### GIVEN DATA
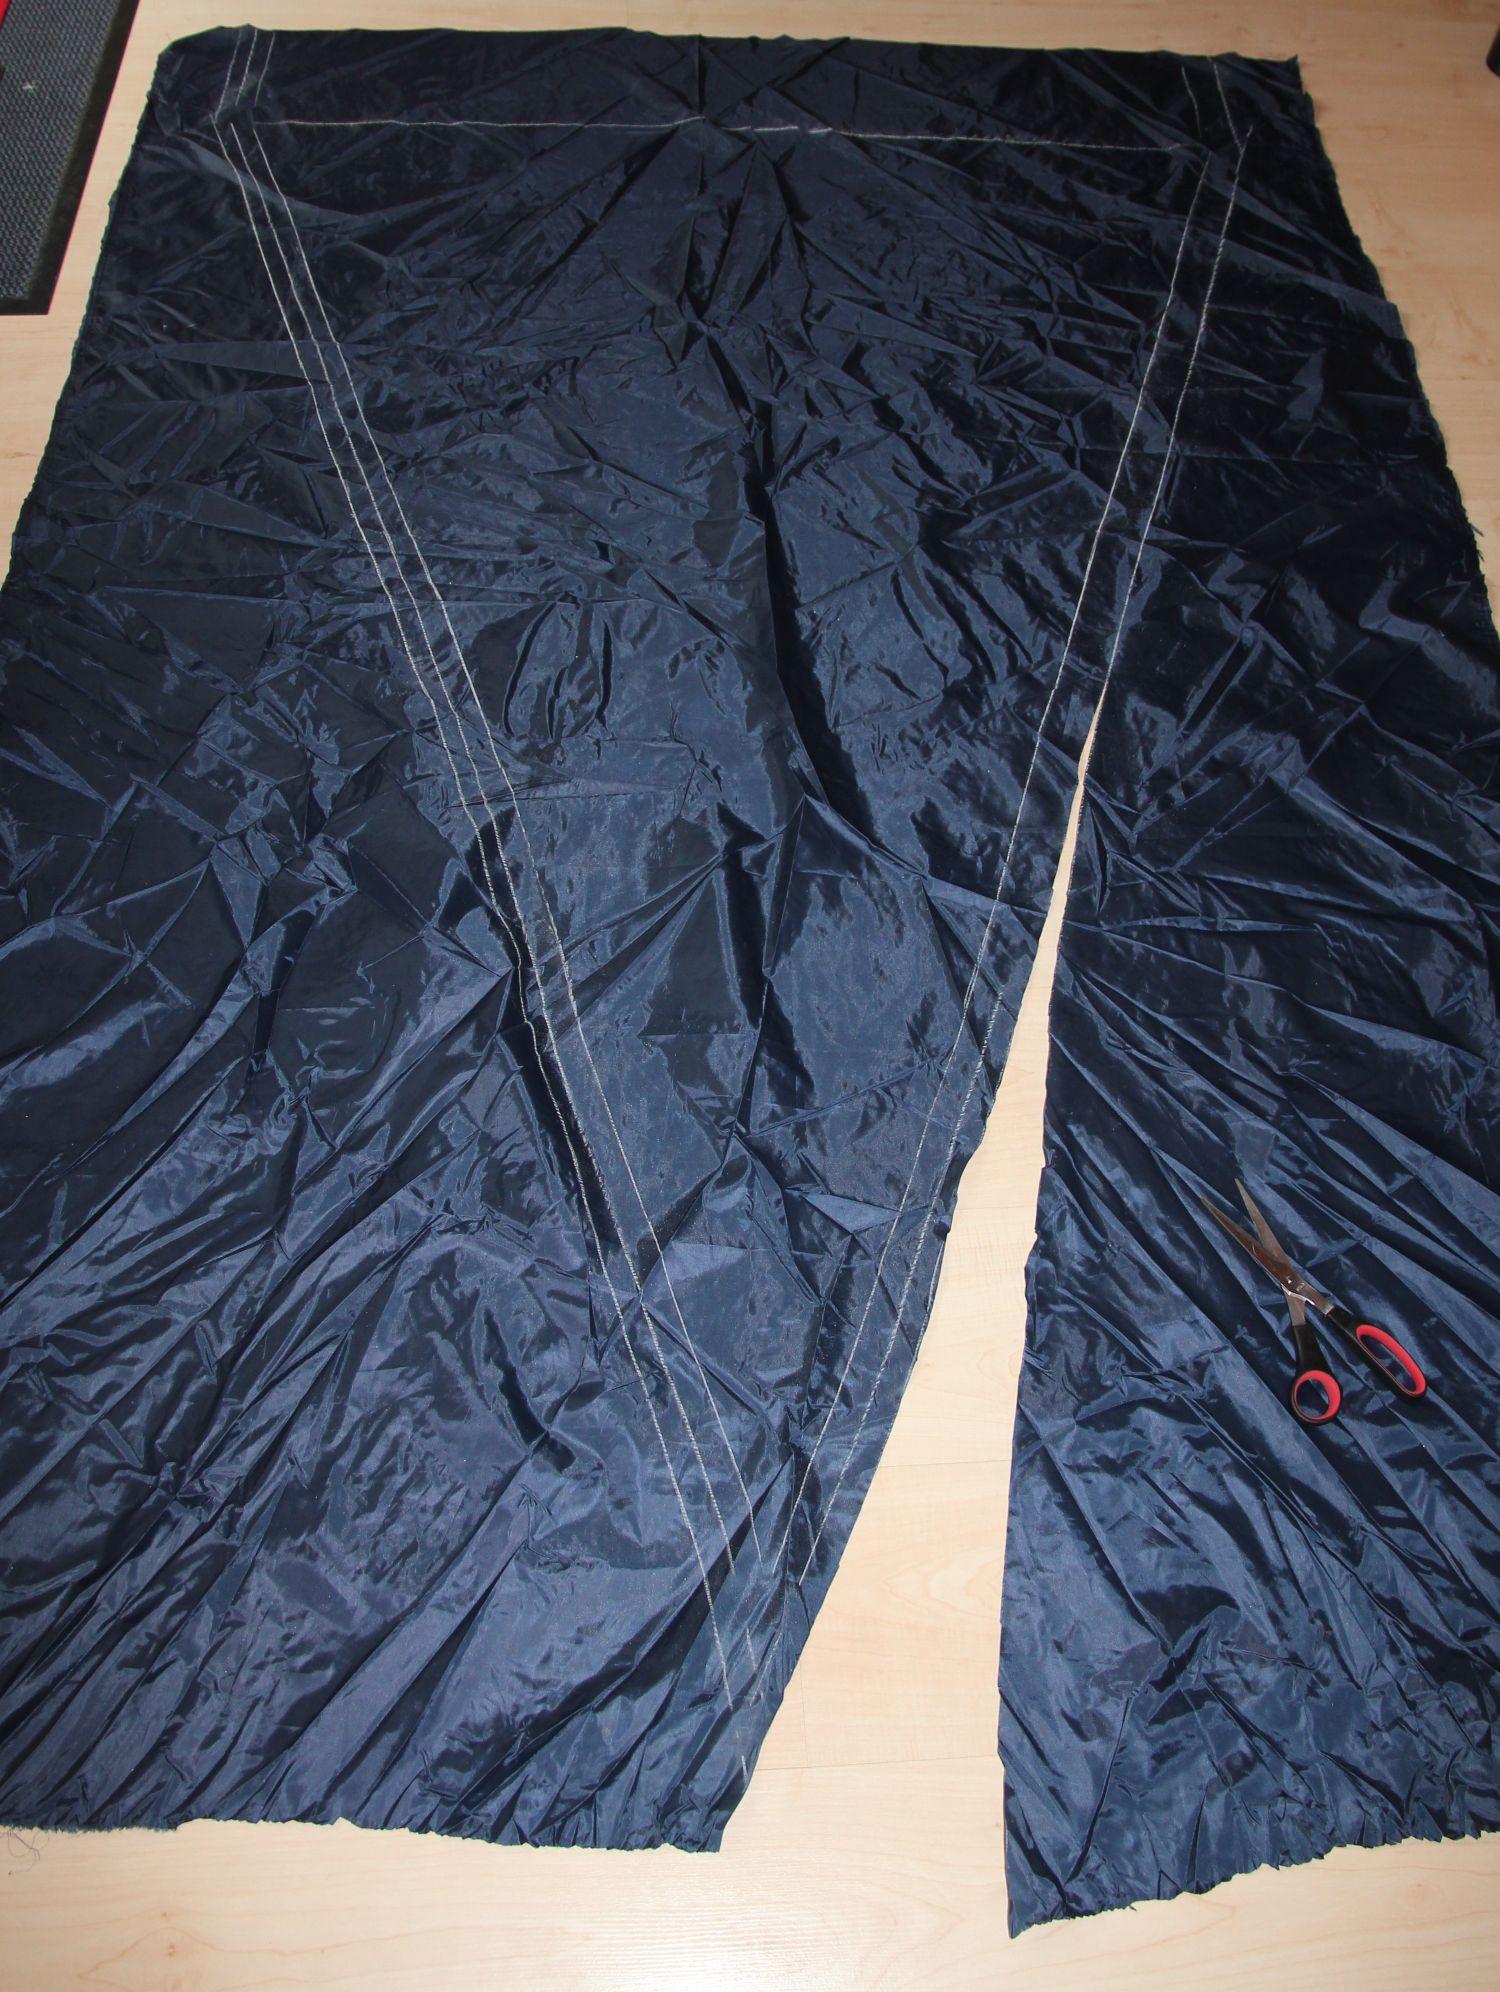 vw t5 t6 regenschutz am schiebefenster l ften auch bei regen. Black Bedroom Furniture Sets. Home Design Ideas
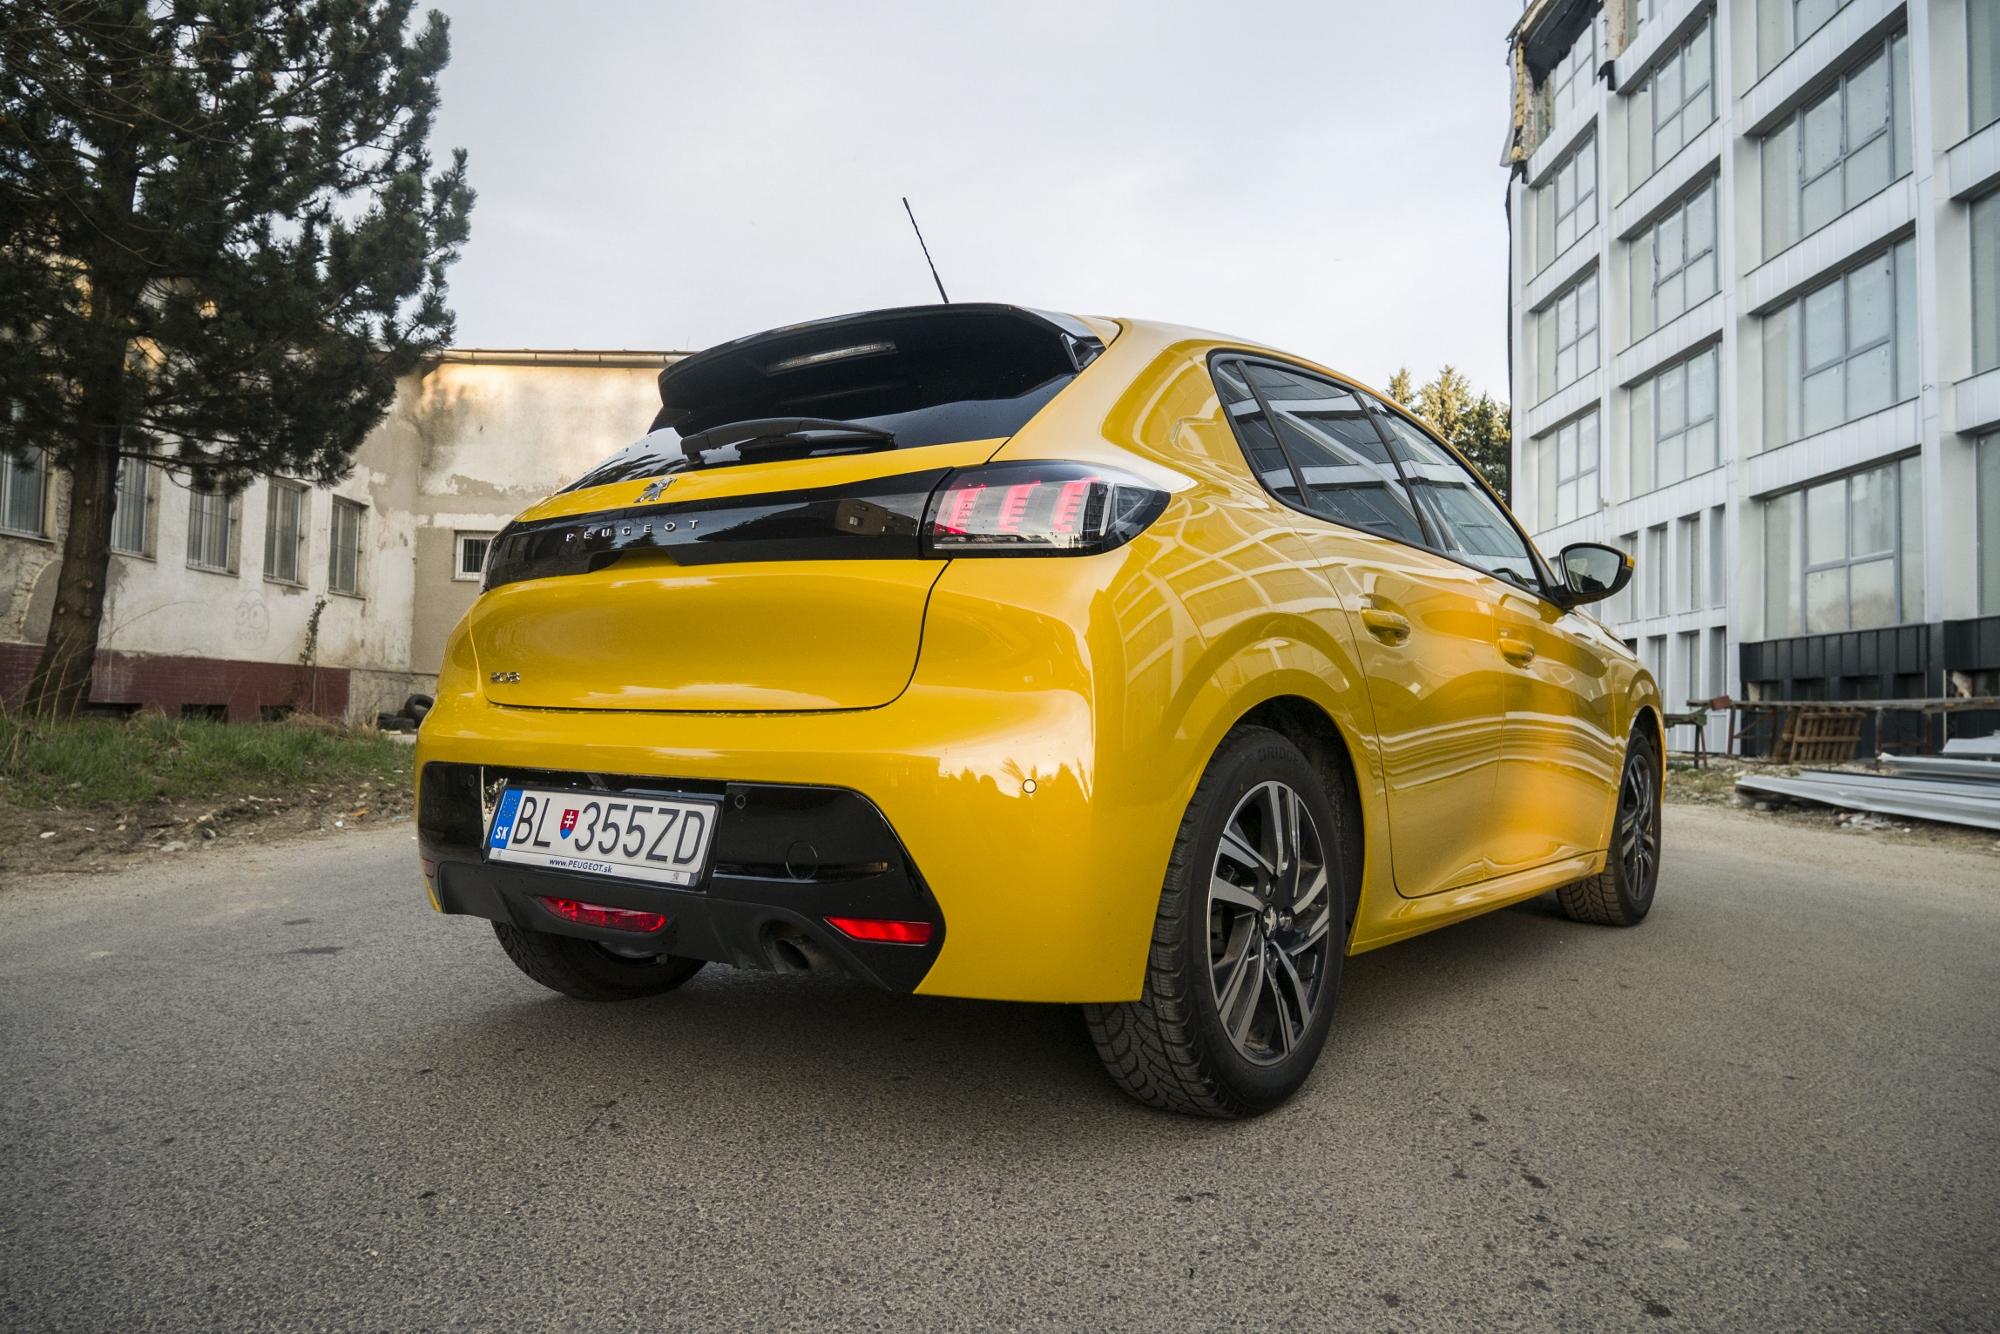 Test: Peugeot 208 prekvapivo pútal pohľady d7idiV2Nrr peugeot-208-15
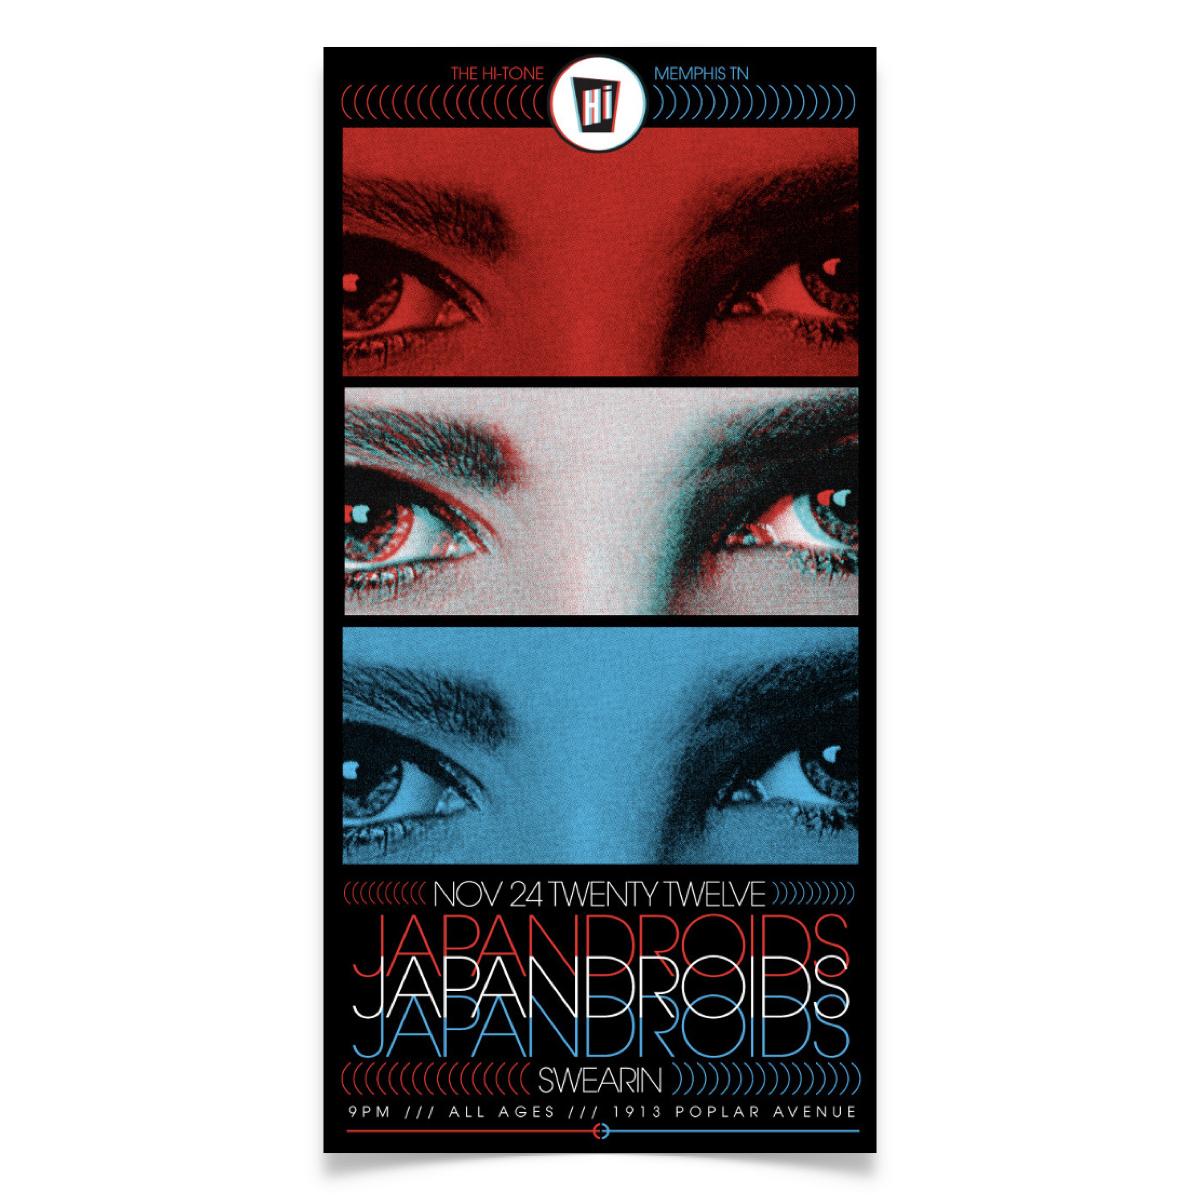 SFER-Posters-Japandroids.jpeg
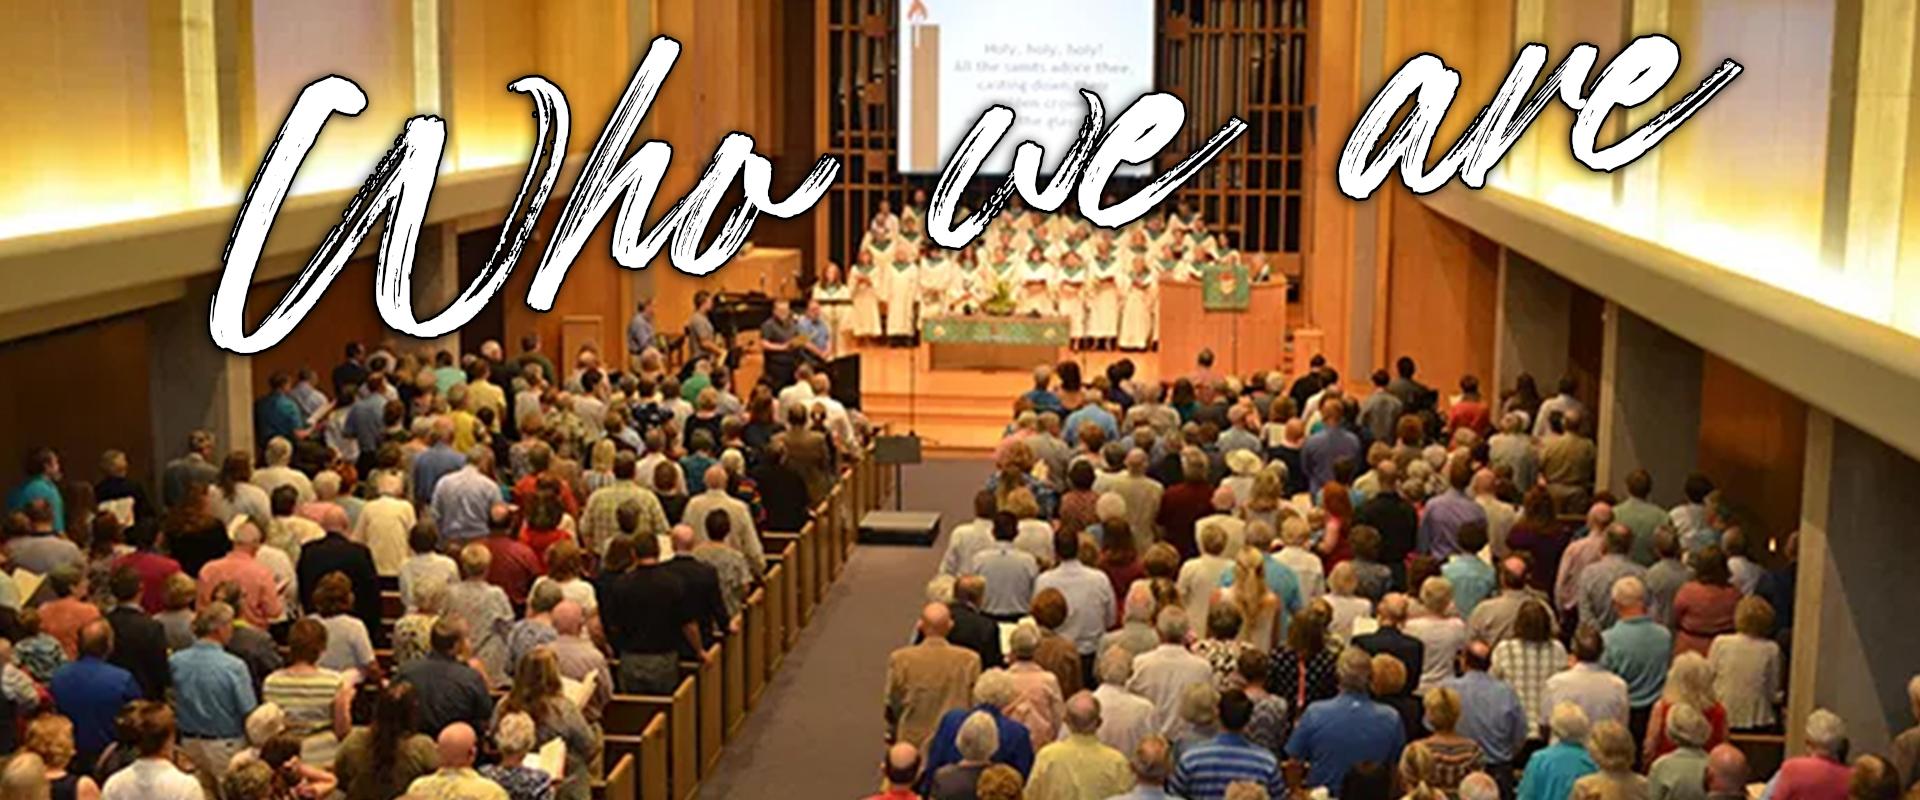 wesley umc congregation

### INSTRUCTIONS TO FOLLOW
Send back the listing exactly as it stands. Do not include the pictures.

### WORKED SOLUTION
 vw t5 t6 regenschutz am schiebefenster l ften auch bei regen. Black Bedroom Furniture Sets. Home Design Ideas
 Test: Peugeot 208 prekvapivo pútal pohľady d7idiV2Nrr peugeot-208-15
 SFER-Posters-Japandroids.jpeg
 wesley umc congregation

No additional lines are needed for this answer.